Hiroyuki Kageshima1, Hiroki Hibino2, Masao Nagase3,
Yoshiaki Sekine1, and Hiroshi Yamaguchi1
1Physical Science Laboratory, 2Materials Science Laboratory, 3The University of Tokusima

 Graphene is atomically thin two-dimensional sheet. Because of this unique structure, it is expected to show various novel properties. We theoretically study its potential [1-3].
 Magnetoelectric effect controls magnetism by external electric field [1, 3]. Graphene edge with the zigzag structure is theoretically predicted to show magnetism. However, the magnetism is difficult to be realized if the graphene is located on SiO2 substrate, because the edge should be appropriately terminated by H atoms. On the other hand, in case of epitaxial graphene on SiC(0001) substrate, experiments show that islands of graphene are already formed in the initial stage of the growth by the high-temperature annealing. In addition, it is theoretically revealed that the island edge is already connected seamlessly to the SiC substrate (Fig. 1). Therefore, the edge is not necessary to be terminated by H atoms. Since the epitaxial graphene is also negatively charged due to the interaction with the substrate, and since the edge magnetism requires the charge neutrality, the island with the zigzag structure edge shows magnetism, only when the application of external field by a gate electrode induces positive charge to neutralize the epitaxial graphene. In this way, the magnetism appears by the magnetoelectric effect for the graphene islands on SiC (Fig. 1).
 Thermoelectric effect induces the potential difference from the temperature difference. It is useful for the electric power generation from wasted heat [2, 3]. The conventional graphene on SiO2 substrate shows the thermoelectric figure of merit ZT0 of the order of 10-3, which means high difficulty for the practical use. However, if the density of ionic adsorbates on graphene is reduced by 1/1000 times and the optical phonon scattering from the substrate is suppressed significantly, the graphene is expected to exhibit the figure of merit ZT0 over 1 around the charge neutrality point, which means the strong possibility for the practical use (Fig. 2). Graphene is plentiful, cheap, harmless, and low in specific gravity. Therefore, graphene is a good candidate for a practical thermoelectric conversion material.
 This work is partly supported by KAKENHI.

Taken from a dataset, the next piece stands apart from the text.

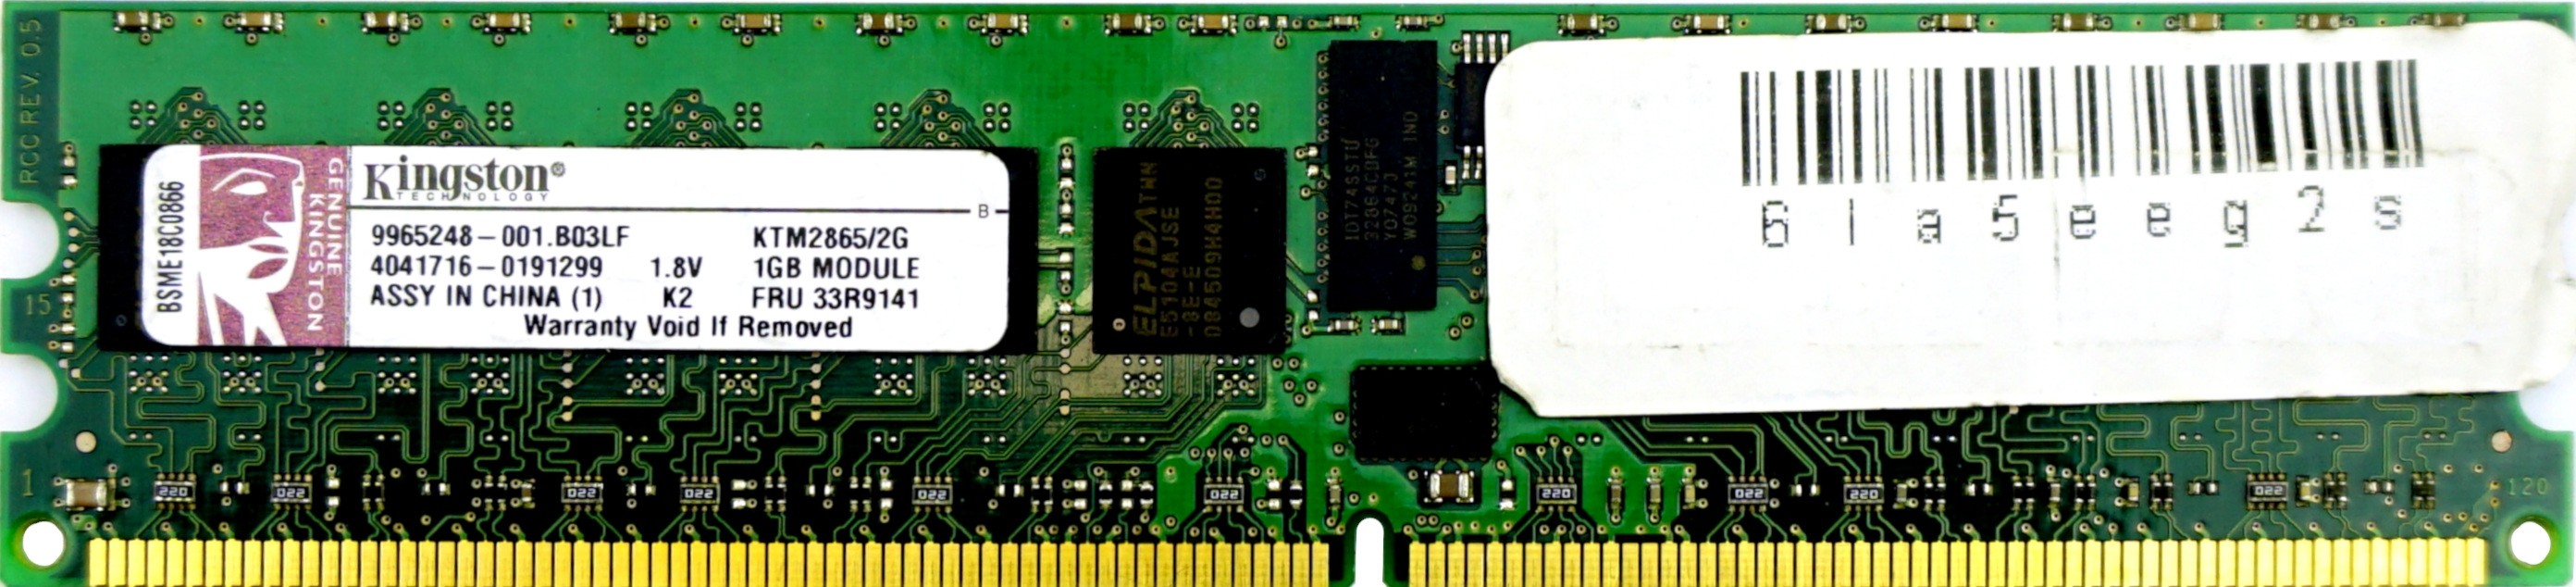 Kingston - 1GB PC2-3200R (DDR2-400Mhz, 1RX4)

[1] H. Kageshima et al., Appl. Phys. Express 3 (2010) 115103.
[2] H. Kageshima, Jpn. J. Appl. Phys. 49 (2010) 100207.
[3] H. Kageshima et al., Jpn. J. Appl. Phys., in press.

Fig. 1. Atomic structure of graphene with zigzag edges on
SiC(0001) and the spin polarization distribution when
the induced charge is +8e. Large and small circles are
Si and C atoms, respectively.
Fig. 2. Thermoelectric figure of merit ZT0 of graphene
as the function of the Fermi energy position εF.
Conventional case (case 1) and suppressed
carrier scattering case (case 2).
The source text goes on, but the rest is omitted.